**Dataset excerpt**
==============================

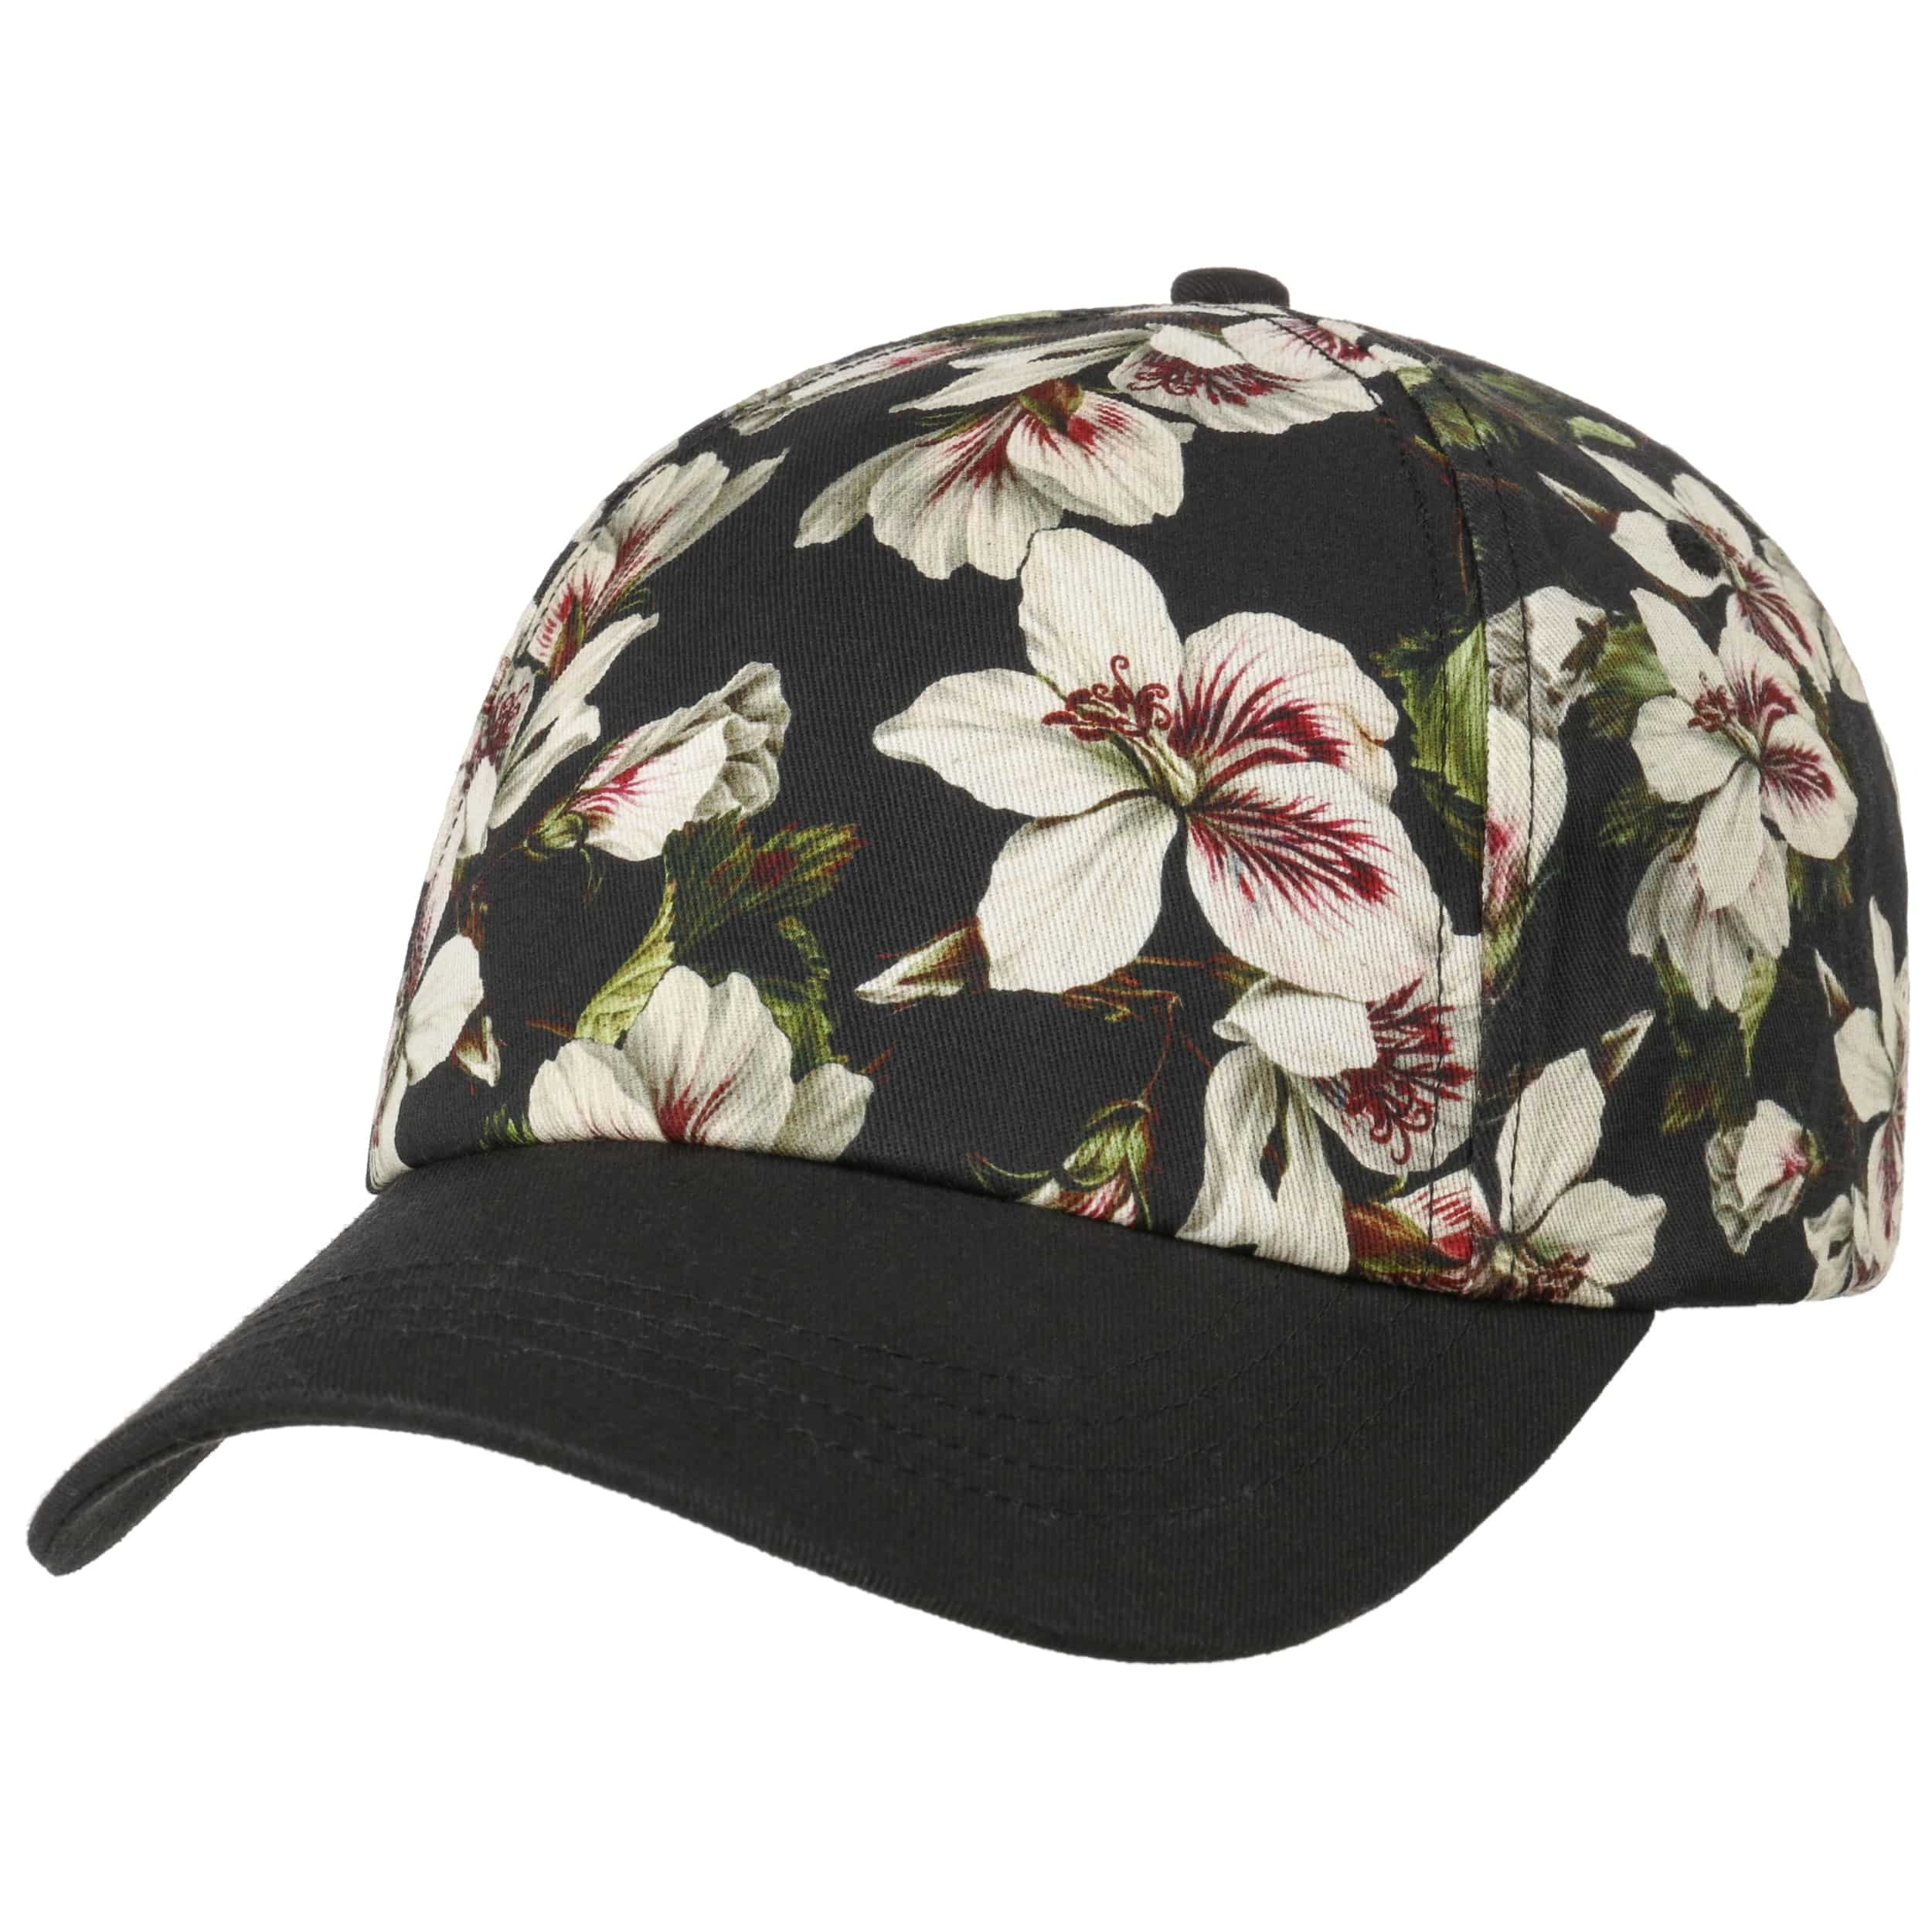 Roxy hat and cap discount 86% Multicolored Single WOMEN FASHION Accessories Hat and cap Multicolored 
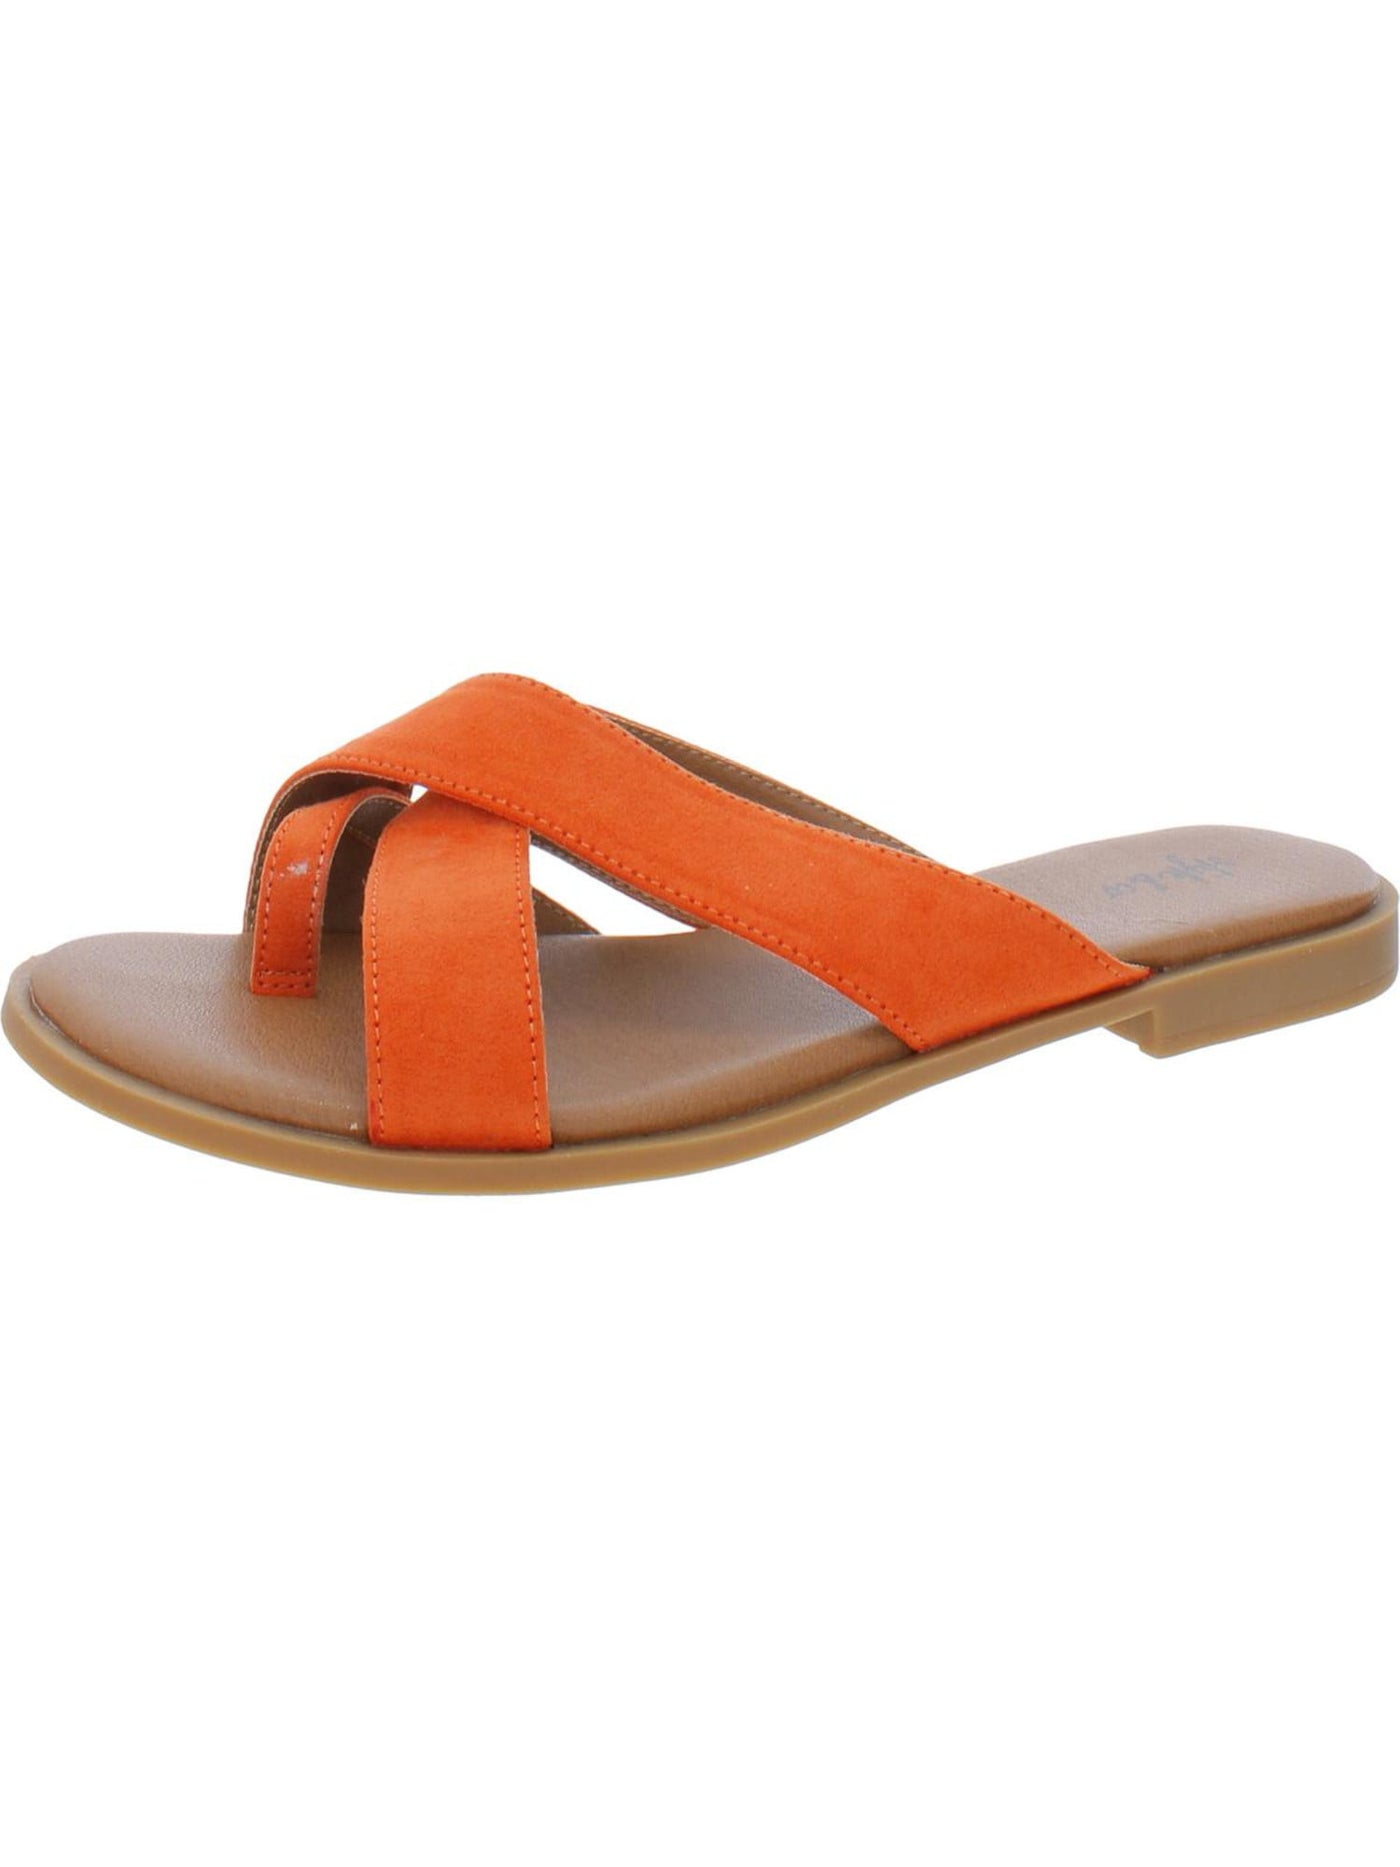 STYLE & COMPANY Womens Orange Cushioned Carolyn Round Toe Slip On Sandals Shoes 7 M
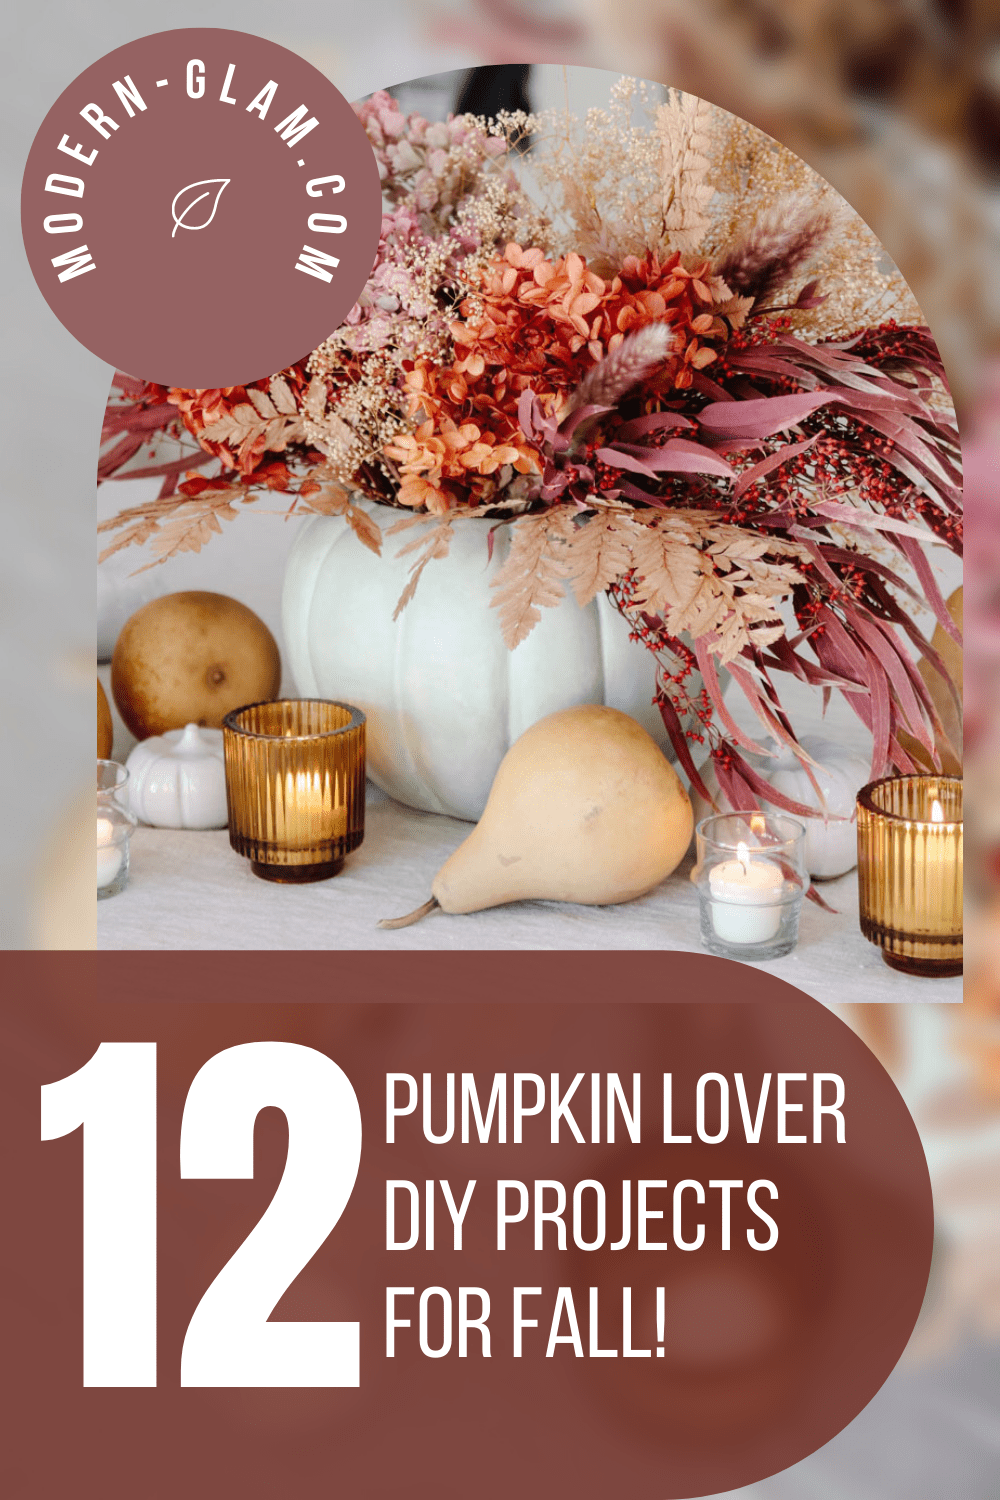 12 pumpkin diy ideas via @modernglamhome

==============================

**Assigned task**
What you give back must be exactly the lines of the listing above from the line containing "STYLE & COMPANY" through its last line, inclusive, without pictures, please.

**Response for this exercise**
 STYLE & COMPANY Womens Orange Cushioned Carolyn Round Toe Slip On Sandals Shoes 7 M
 12 pumpkin diy ideas via @modernglamhome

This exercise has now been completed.